If you go to a code bootcamp, you are learning react. A lot of new developers come from these places. Not a bad thing, but they could spend more time on fundamentals

austin-cheney · 2 years ago
Set the proper goals. The end state is some software product, such as a website. Far too common beginners will attempt to redefine the goal to something more familiar, something like "how to write code". There are people who spend their entire careers mastering exactly how to write the code. This can be described as "expert beginners".

Somebody needs to be the adult in the room and stop the children from running the daycare. As developers we should already know how to write code, or know how to figure it out, and that shouldn't be open to discussion. The discussion must only be upon defining the goals and stepping backwards one step at a time. This is called planning and proper planning will ensure the necessary automated checks are in place. Then "how to write the code" becomes straight forward as it either conforms to the automated checks or becomes a matter for discussion.

cletusw · 2 years ago
I don't think vanilla HTML/CSS/JS is the way to go for beginners because of the "time to visually interesting results" problem. Starting with a framework that has widgets you can reuse is much more interesting and motivating.

That said, I'd argue that the selected framework should be one that doesn't completely obscure all the underlying HTML/CSS/JS (I'd avoid TypeScript at first) from them so it's easy to learn that when needed, plus it makes debugging using browser dev tools easier and means they'll have transferable skills for learning a second framework.

GWT (RIP, thank goodness) would be the extreme negative example, but React is on that side of the spectrum as well.

Vue, Svelte, Lit, and Angular seem to be the most popular frameworks on the "closer to HTML/CSS/JS" side of the spectrum, though I only have experience with the last two. Lit's great; Angular's not my favorite.

johnnyanmac · 2 years ago
I'm not professional web developer, but I started raw, then expanded with JQuery, then much later tried some frameworks. I think it's important the understand the underlying core HTML/CSS/JS since EVERYTHING ELSE is ultimately abstracting and/or transpiling down to those raw ingredients.
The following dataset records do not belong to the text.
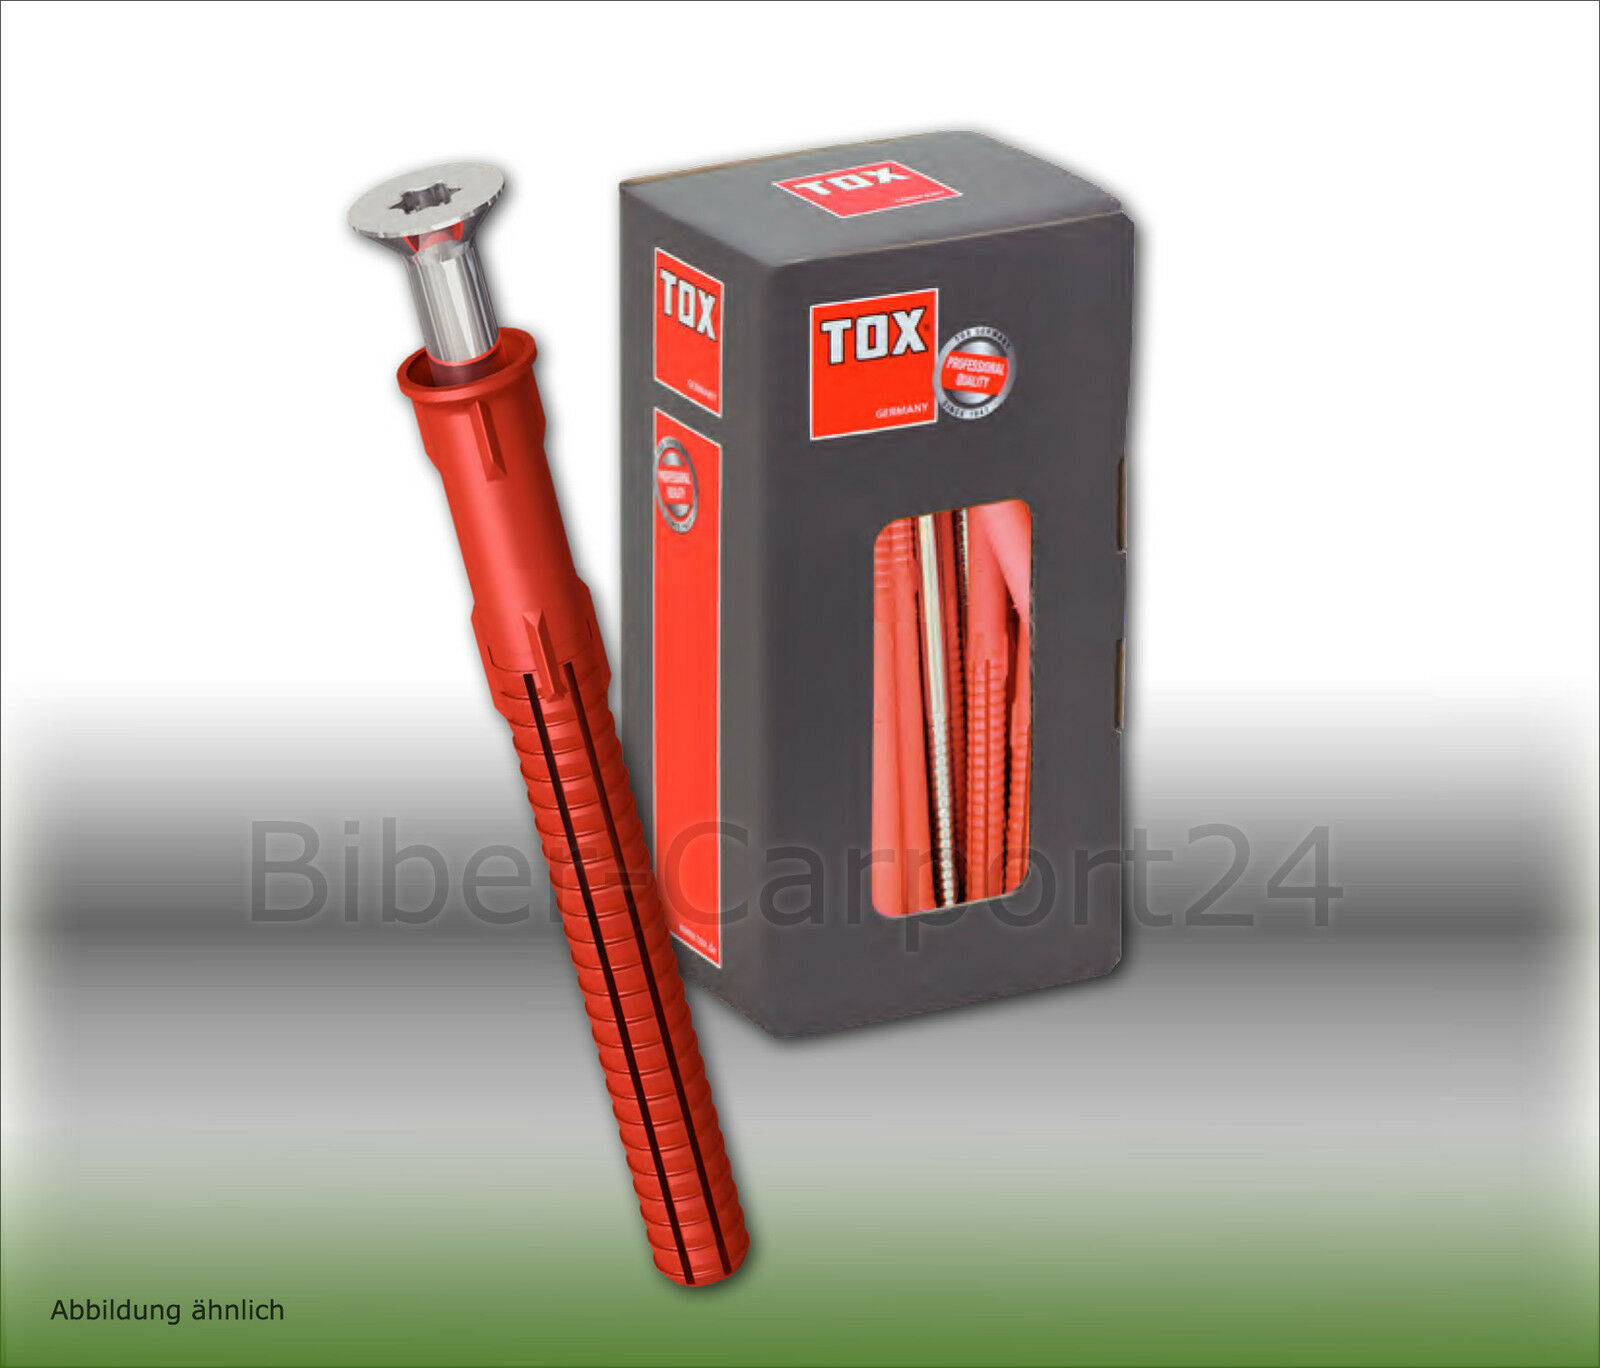 Tox FASSAD PRO SK SDF-S10 H, Rahmendübel, Senkkopfschraube, Fassade, Kunststoff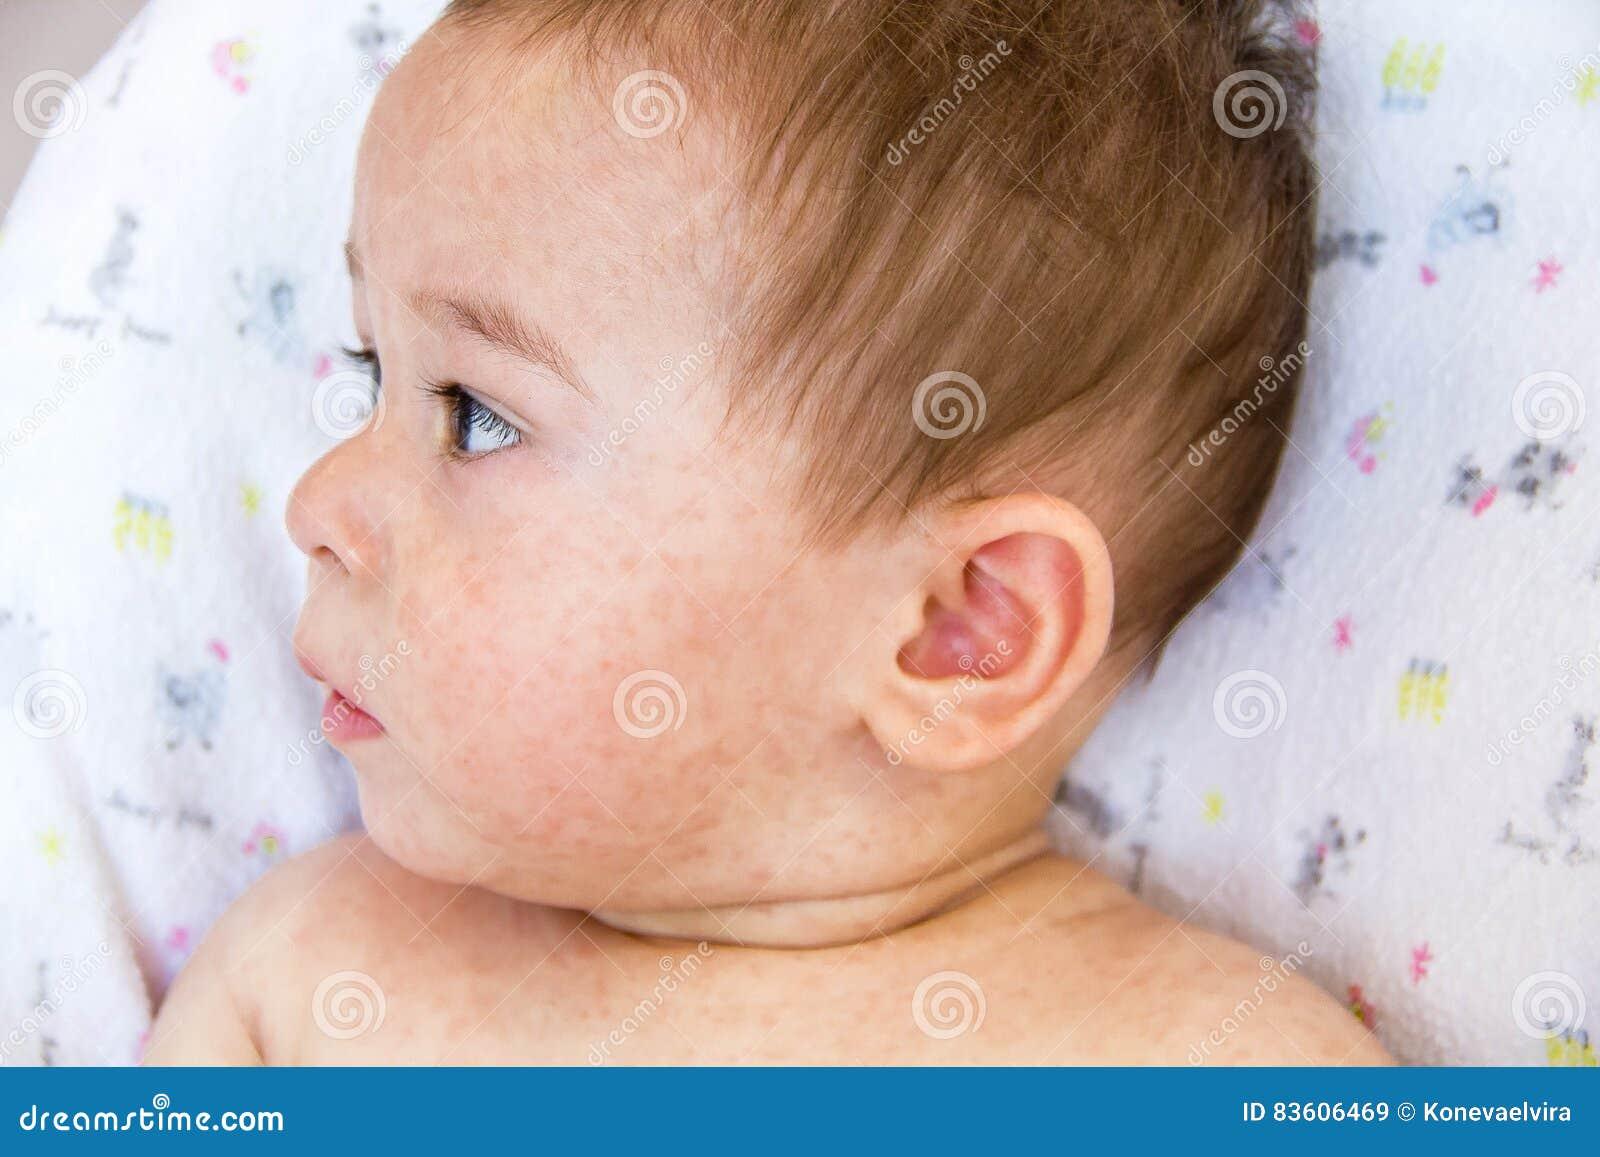 Allergy baby skin dermatitis food. child dermatitis symptom problem rash. face sleeping newborns. suffering atopic symptom on skin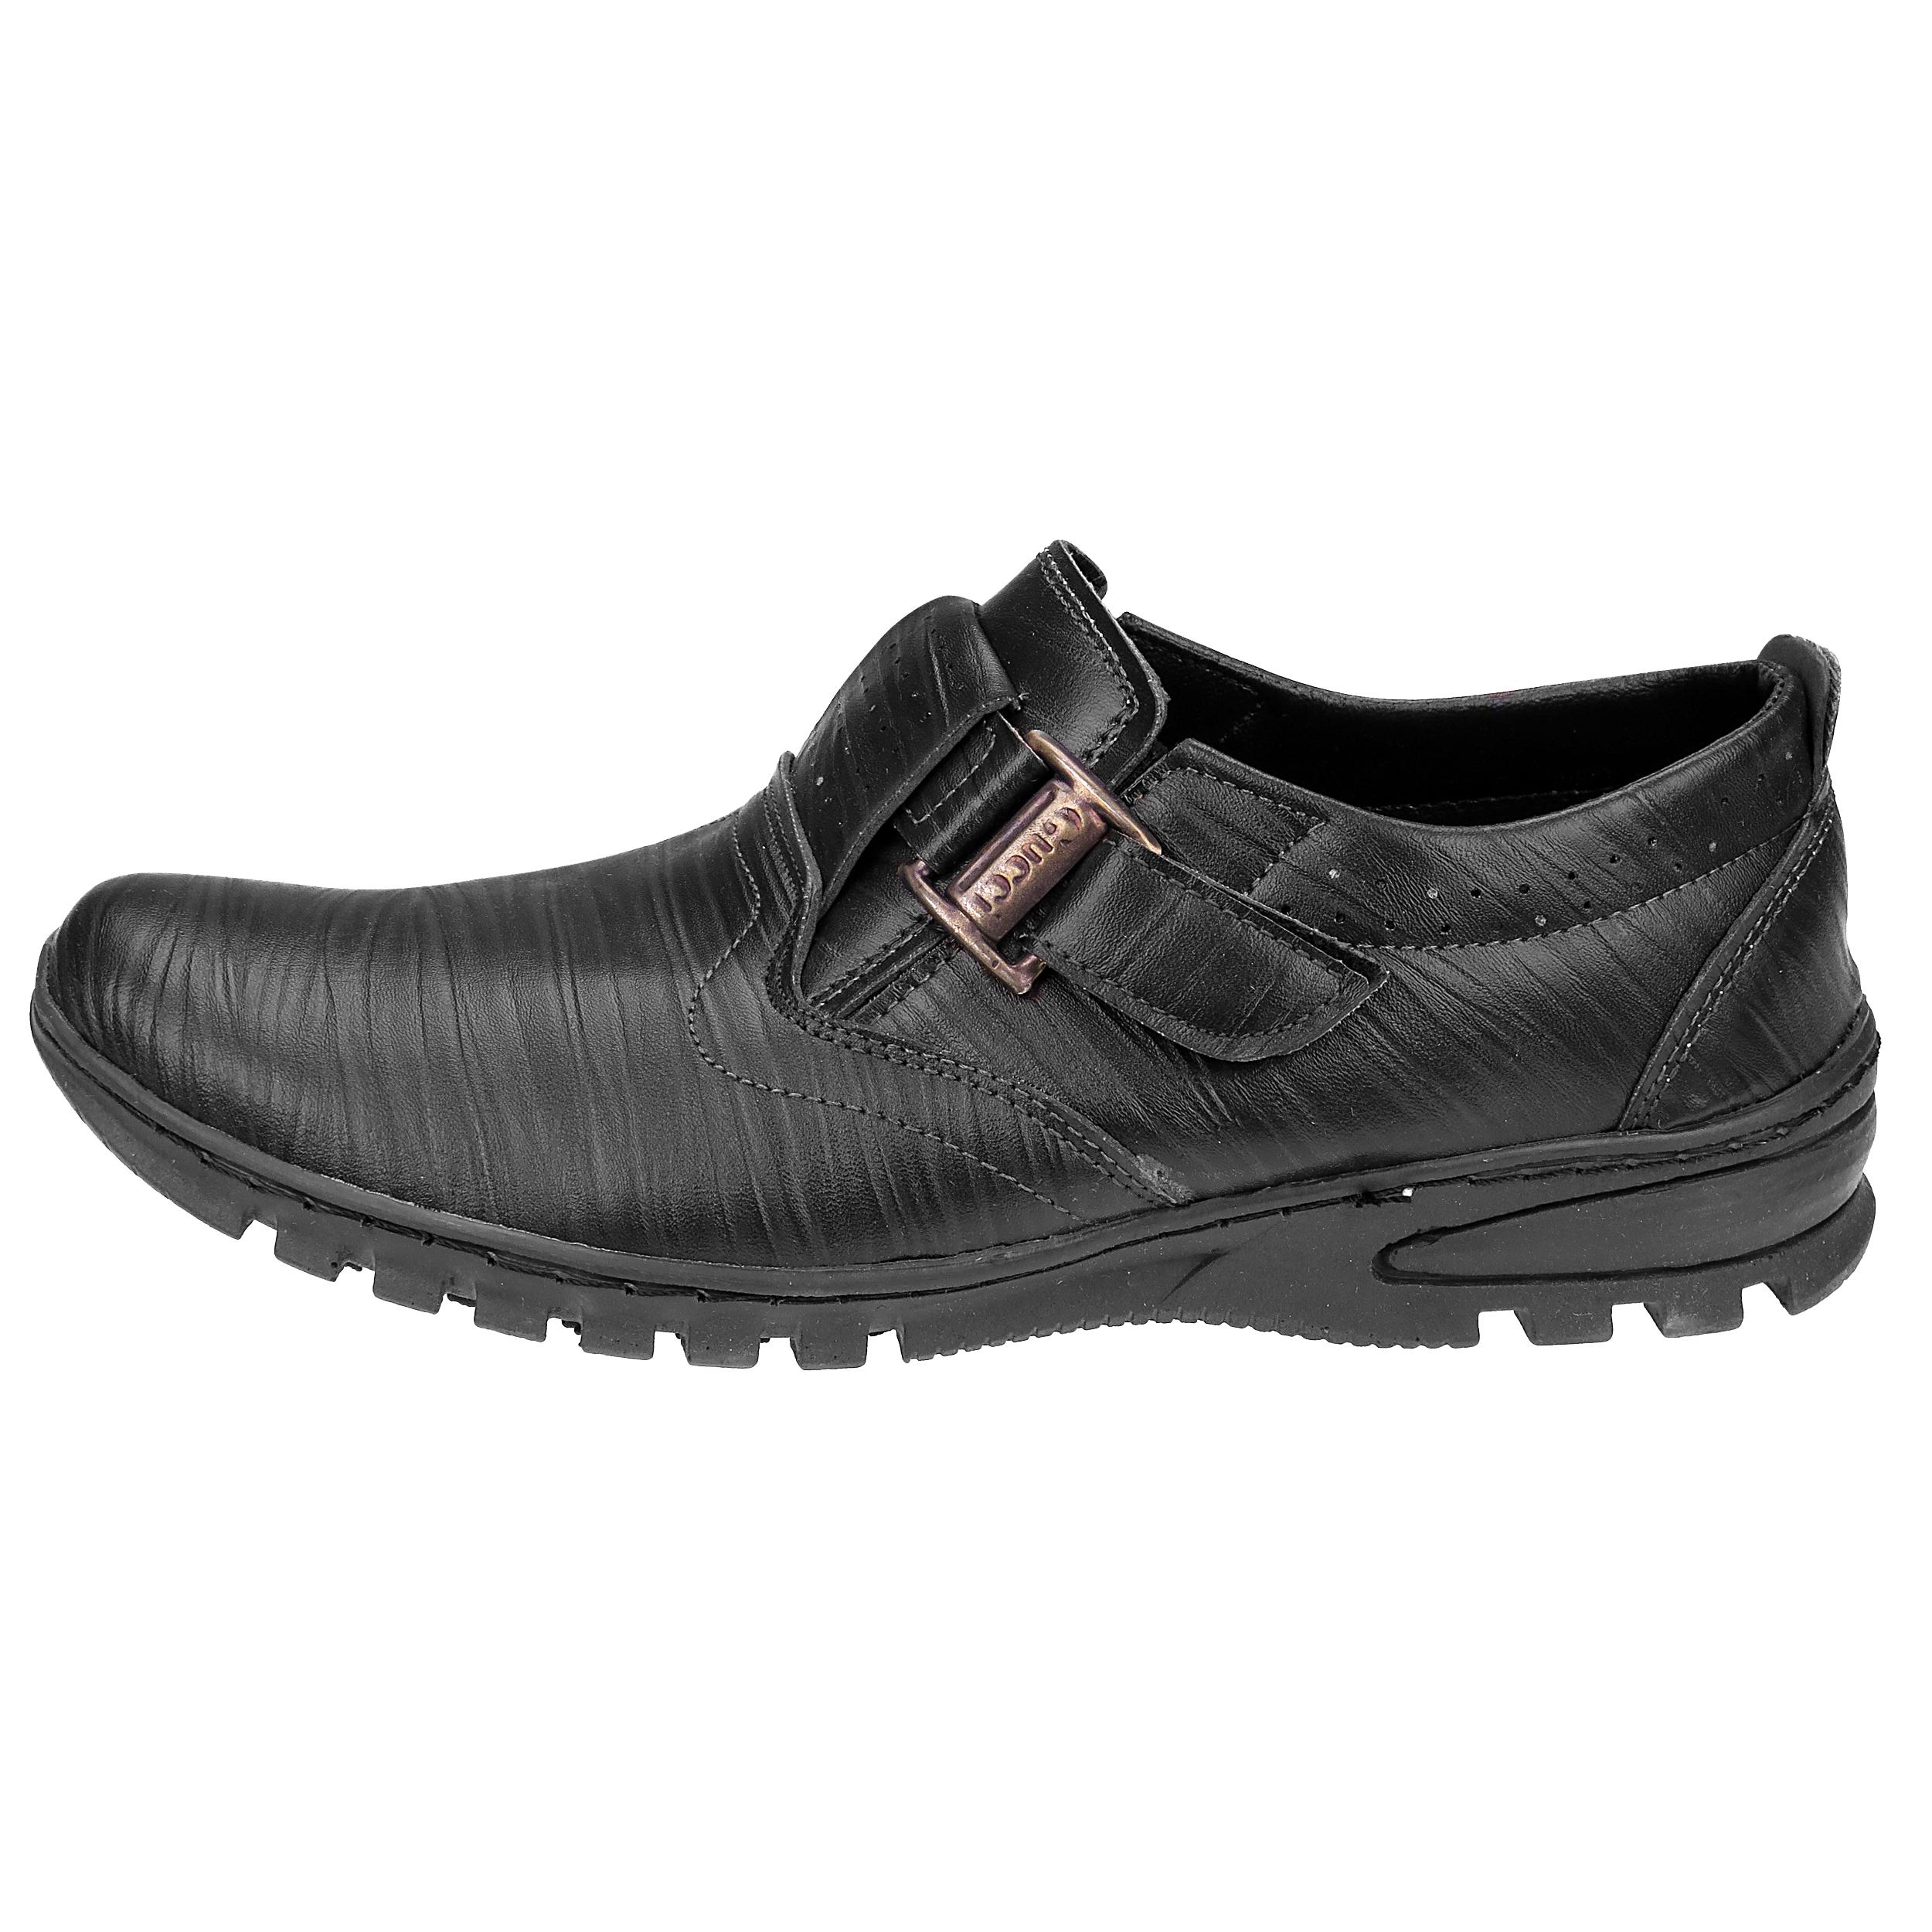 کفش روزمره مردانه مدل 66003

But I'm more of a bottom up type of person, so YMMV.

Now, for proper web principles and design methodologies, I'd love for some tips there.

pjmlp · 2 years ago
The coolest framework of them all, vanilaJS.
varrock · 2 years ago
I'd argue the link is the most influential and historic element of the web. Its behavior should rightfully be preserved.
GloomyBoots · 2 years ago
The link and the URL are what made hypertext hyper. They turned words in a document into portals to other documents.

But that web isn’t the one we’re dealing with anymore. We’ve moved from documents to applications. Like tabindex, I’m sure browsers or frameworks will gradually find ways to make any element behave link-like in every way. Which isn’t really a bad thing, it’s just development of the core idea of the web.

quickthrower2 · 2 years ago
It is the H in HTML and HTTP!
makeitdouble · 2 years ago
At this point I wonder if browsers couldn't be adjusted to this, and have link behavior on any element that indirectly behaves like a link.

For instance if a user ctr + cliks a button, have the navigation happen in a tab window even if the URL change is pushed by a JS module down the line.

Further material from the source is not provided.